Таким образом, из 9 испытанных ДНК-маркеров – ORS 511, ORS 224, ORS 317, ORS 630, ORS 799, ORS 1030, HRG01, HRG02 и STS-115, которые, по данным литературы, составляют общую с геном Rf1 группу сцепления, отобраны три маркера - HRG01, HRG02 и STS-115 информативные для идентификации гена Rf1 – восстановителя фертильности пыльцы ЦМС PET1. Разработана мультиплексная ПЦР тест-система, эффективная для определения маркера ядерного гена Rf1 и митохондриального локуса orfH522 (ЦМС PET1), которая может быть использована в маркерной селекции подсолнечника.

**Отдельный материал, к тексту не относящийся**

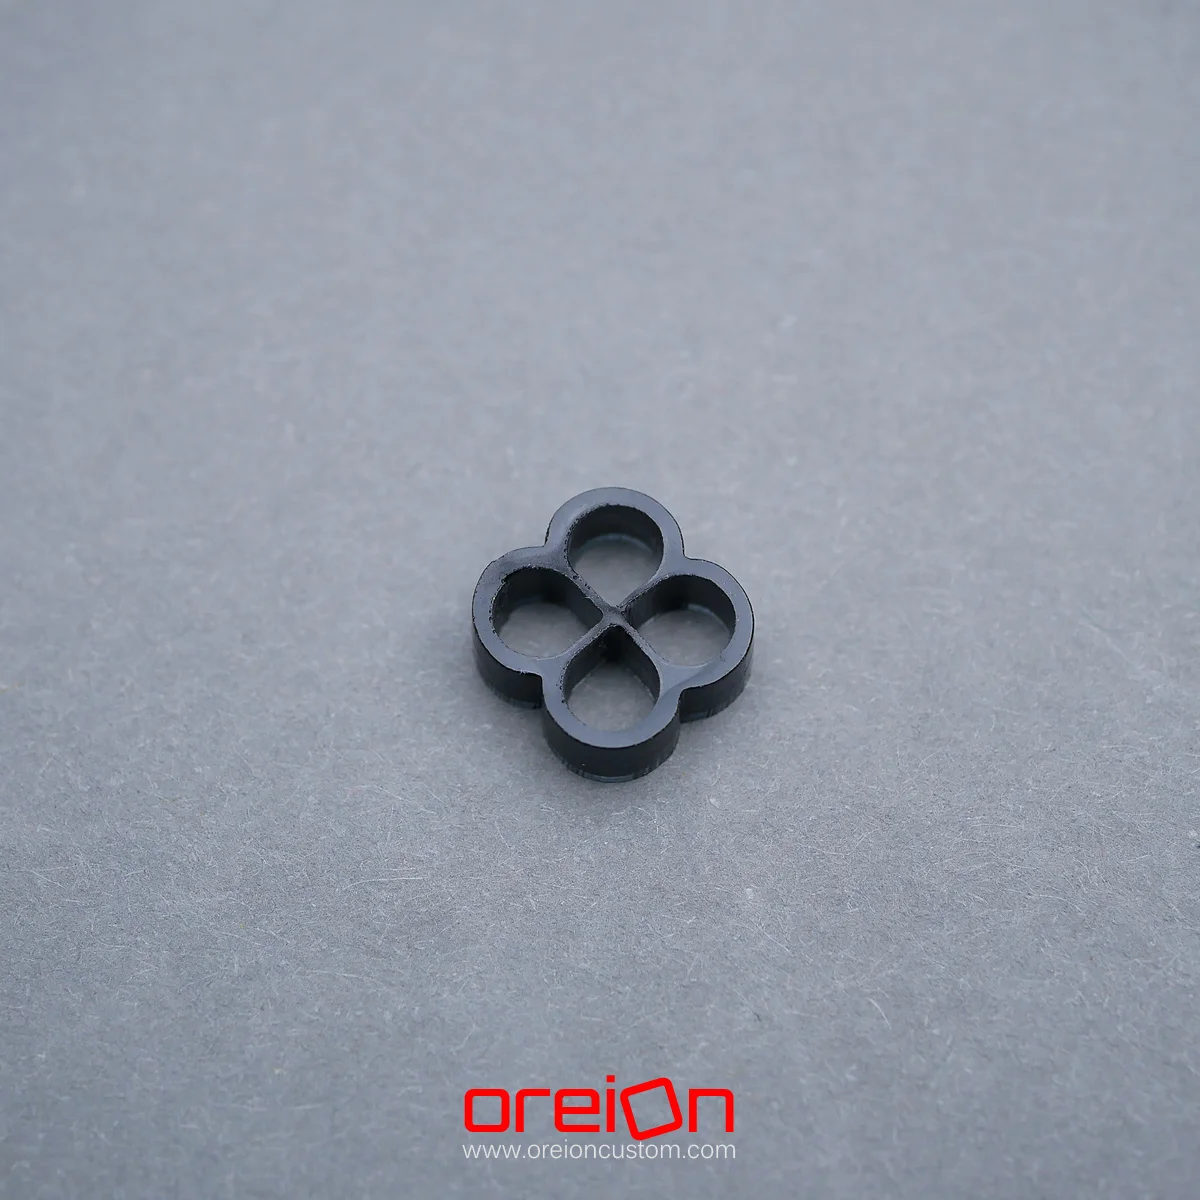 oreioncustom Cable Comb – black Closed 4 pin

Исследование выполнено в рамках темы Министерства образования и науки РФ (№ 4.5642.2011) и при финансовой поддержке ФЦП Министерства образования и науки РФ (госконтракт № 16.740.11.0485).

Рецензенты:

Михайлов Н.В., д-р с-х наук, заведующий лабораторией молекулярной диагностики и биотехнологии НИИ биоинформатики, биотехнологии и живых систем ДГАУ, п. Персиановский, Ростовская область.

Шкурат Т.П., д-р биол. наук, профессор, директор НИИ биологии ЮФУ, г. Ростов-на-Дону.